Covered in orchards, Trat province and indeed Chantaburi Province are famous for their their fruit and at the peak of that fruit hierarchy, sits the durian.
It seems extraordinary that anyone ever tried to eat a durian in the first place. Often as big as a rugby ball and covered in a thick hard skin of prickles which make it tricky to handle, the stench is much more off-putting, stinky beyond belief and that’s being polite! It’s has to be the world’s smelliest fruit, like a pungent heap of sweaty socks and trainers, invading the air and lingering for hours. Think of a heavy garlic eater when they walk into a room and quadruple – or more – that effect.
Getting the Taste
Given that fabulous fruits are abundant in Thailand’s hot season,. anything from mangoes to mangosteens, rose apples and rambutans, why bother with the durian?
We used to be in that camp too but under the guidance and encouragement of our local friends, we eventually succombed to this most prized delicacy, the King of the Thai Fruits (as it is known). Some people fall in love at first bite, for others, it’s an acquired taste but however you get there, there’s no turning back from that durian taste once acquired.
Aficionados will drive along the roads of durian orchards and choose from the piles of fruit on the stalls that each farm sets up. They can tell whether the durian is good by the smell, the colour and feel of the thorny spikes. Most importantly, they know the sound it should make when knocked with a piece of wood.
There is a knack to opening it a durian, which involves following the seams of the segments between thes spikes. You’ll get a fair few sharp pricks from those thorns before you master it but the satisfaction of prising out the soft yellow, custard-like flesh makes it all worth it.
Durian on Koh Chang
There are something like 230 types of durian but on Koh Chang, look our for:-
- Mongthong (Golden Pillow) – large, the most common variety, great one to start with.
- Chanee (Gibbon) – smaller than above, richer taste.
- Kradum-tong (Golden Button) – the cheapest and the smallest variety, very tasty nonetheless.
- Kanyao (Long Stem) – perhaps the best out there, worth the extra cost.
You just have to ask and taste and over time, you may come to appreciate the differences, with some sweeter, some meatier. Everbody has a different description of its taste but for us, it’s like vanilla creme brûlée with caramelised onions.

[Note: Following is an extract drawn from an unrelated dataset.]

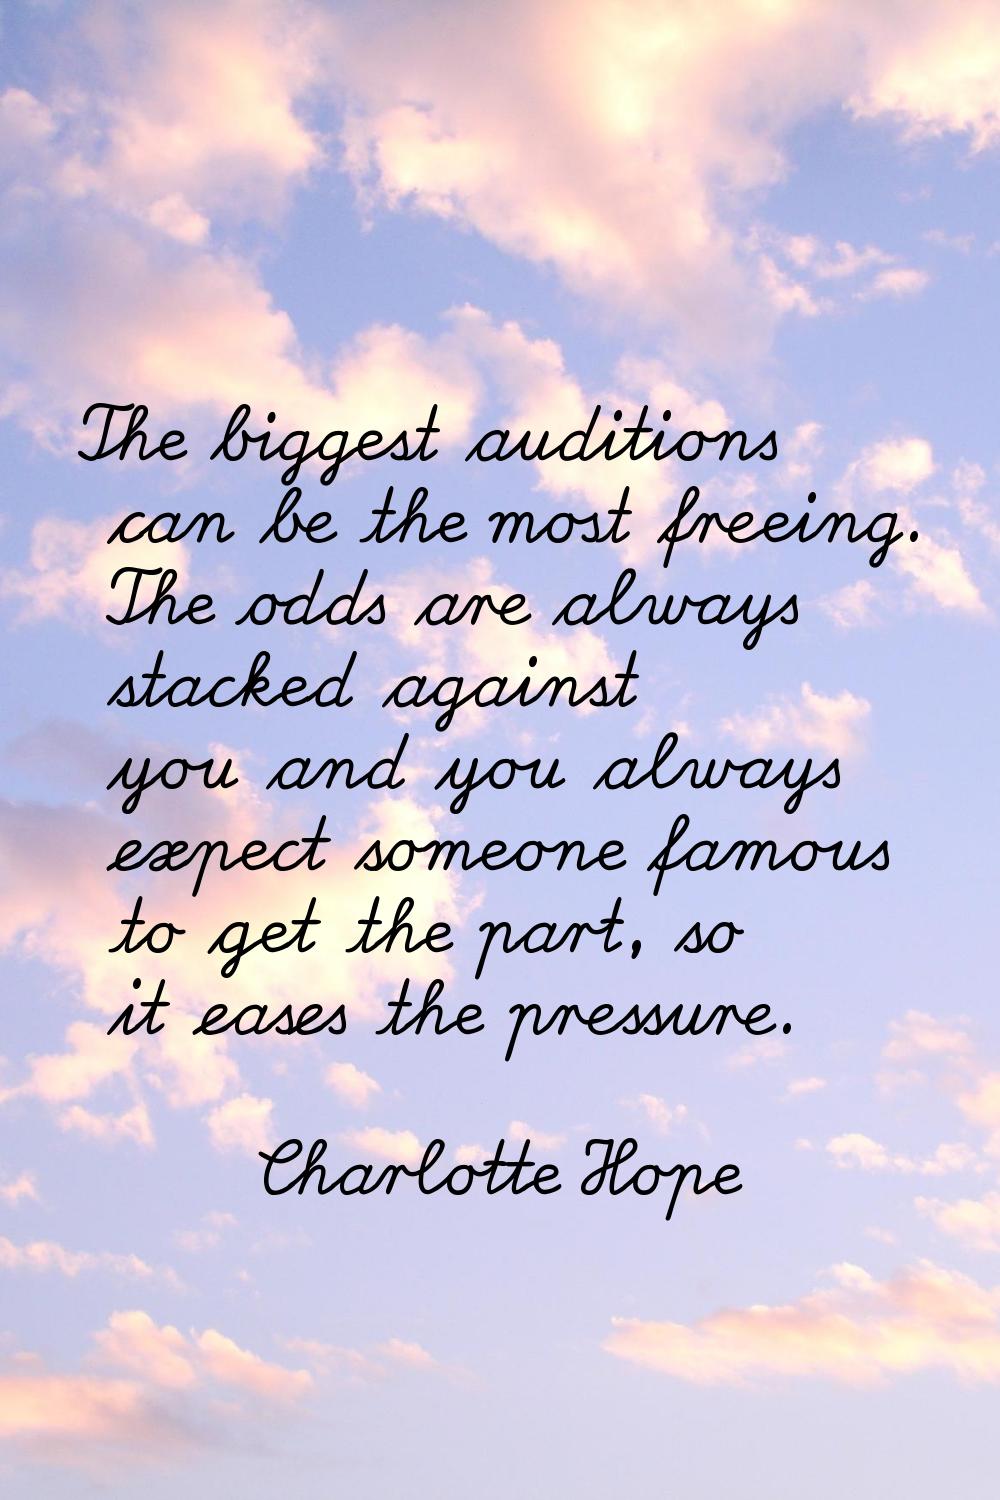 The biggest auditions can be the most freeing. The odds are always stacked against you and you alwa

Do’s and Dont’s with Durian
If you are going to try one, two pieces of advice:-
- Don’t Drink and Durian
- Skip the beer, durians don’t mix well with alcohol. Some people say that it can actually make you pretty sick, For sure it’s a combination that spoils and wastes the delicious tastes of both the fruit and the beer. Try it with mangosteen though – that works a treat.
- Best Eaten Outdoors
- For a novice, the smart bet is to get one that is already prepared for you, it’s a little less smelly, much less messy and it’s definitely a fruit best eaten outdoors. You can forget about attempting to sneak one past the lobby of your hotel and even if you love eating them, you really wouldn’t want the aroma lingering in your room.
They are not only exotic but expensive too, with some varieties of durian costing $50 or more, which weirdly can make the smelliest fruit in the world a perfect gift.
Airports, public transport systems and many hotels throughout South East Asia put up big notices in the durian season, forbidding the fruit due to its aroma. Indeed, the smell is the main reason whytheya re known outside the continent, imagine the problems of trying to transport plane loads of them.
Chantaburi Province holds an annual festival solely for the durian. Their experts have developed a variety with only a slight pong. The Thais scoff at this, they just can’t see the point, but a smell-ish free variety could be great for exporting and so maybe, one day, you too could be eating a durian bought in your local supermarket.